The snowbird window from October to March is peak season for long-term Canadian sits. Homeowners heading south for winter post sits that run weeks or months at a time, with lower competition than summer. Summer sits exist but tend to be shorter, more competitive, and concentrated in coastal tourist areas. If you want a longer sit in a major Canadian city, apply in August or September when winter listings begin appearing.
Does Nomador have enough Canadian listings to be worth it?
For Quebec and French-speaking Canada specifically, yes — but check current listings before paying. Nomador has ~25 Canadian listings as of April 2026, most of them in Quebec. If Montreal is your target, the French-speaking community and the Stopover feature (which lets you stay with hosts who are still in residence) make it genuinely useful beyond just the sit listings. For the rest of Canada, THS and House Sitters Canada cover the market better.
Do I need a work visa to house sit in Canada?
No — most sitters enter on a tourist visa or eTA and describe their stay as tourism or visiting friends. House sitting in exchange for accommodation occupies a grey area legally. The arrangement is generally treated as an informal exchange rather than employment, but the word "work" at the border can create problems. See our full guide on what to tell customs when house sitting abroad before traveling.

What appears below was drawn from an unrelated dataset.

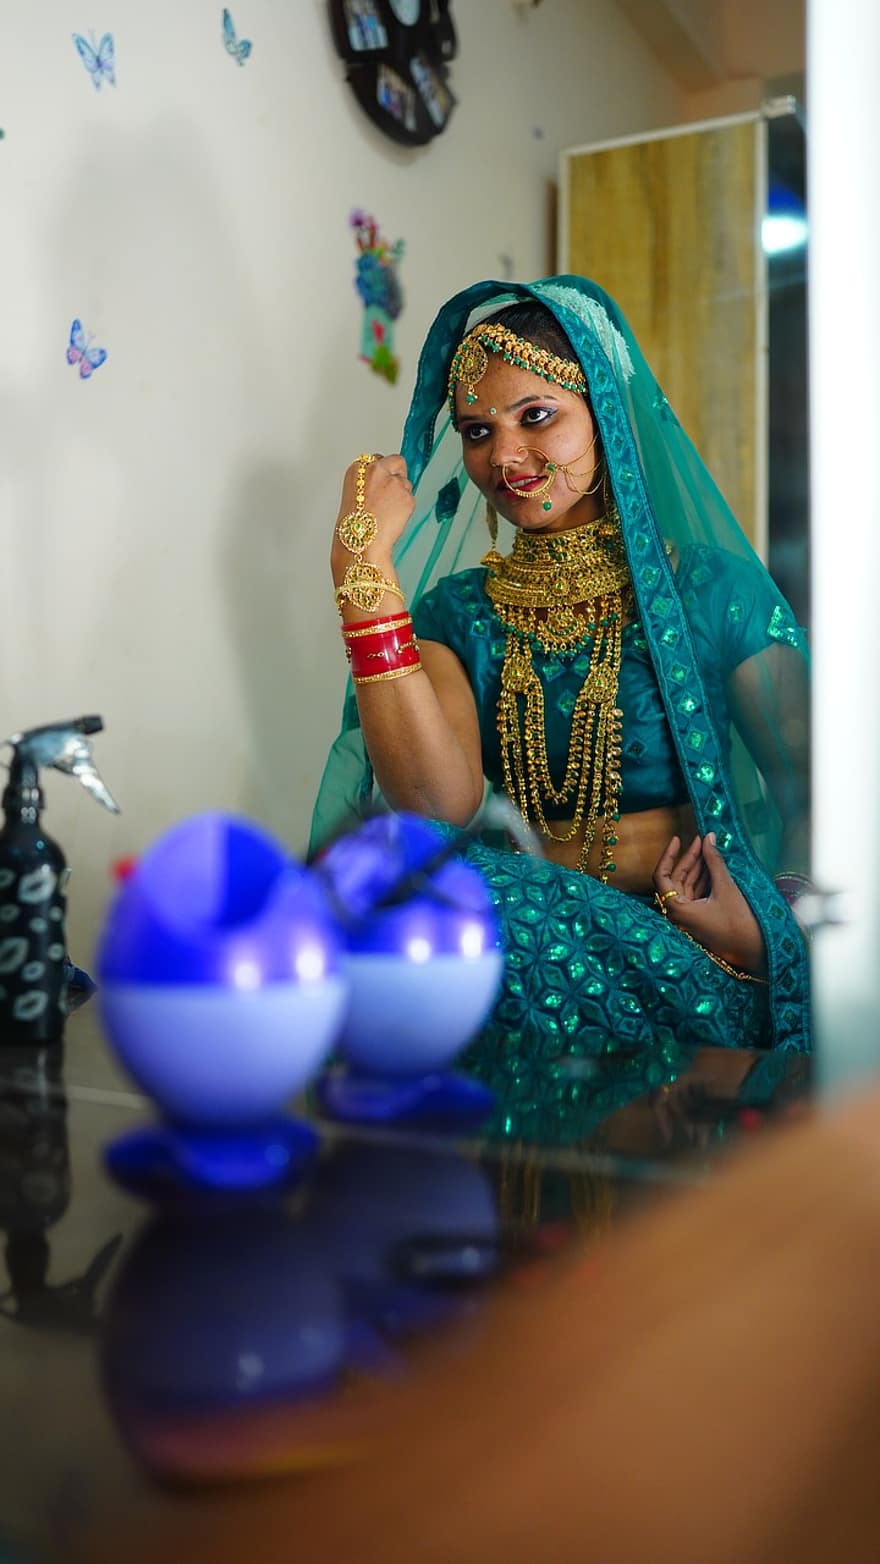 sonam prajapati, μοντέλο, ηθοποιός, Ινδός, κορίτσι, θηλυκός, νυφη

Can I house sit in Canada in winter with no prior experience?
Yes, but be honest about it and choose the right sit. A city condo in Toronto in January is very manageable for a first-timer. A rural property in Alberta with a wood stove, a long driveway, and a large dog is not the right first sit. Start with getting house sits without prior experience for the profile and application side, and be upfront with homeowners about your experience level. Most will appreciate the honesty and match you accordingly.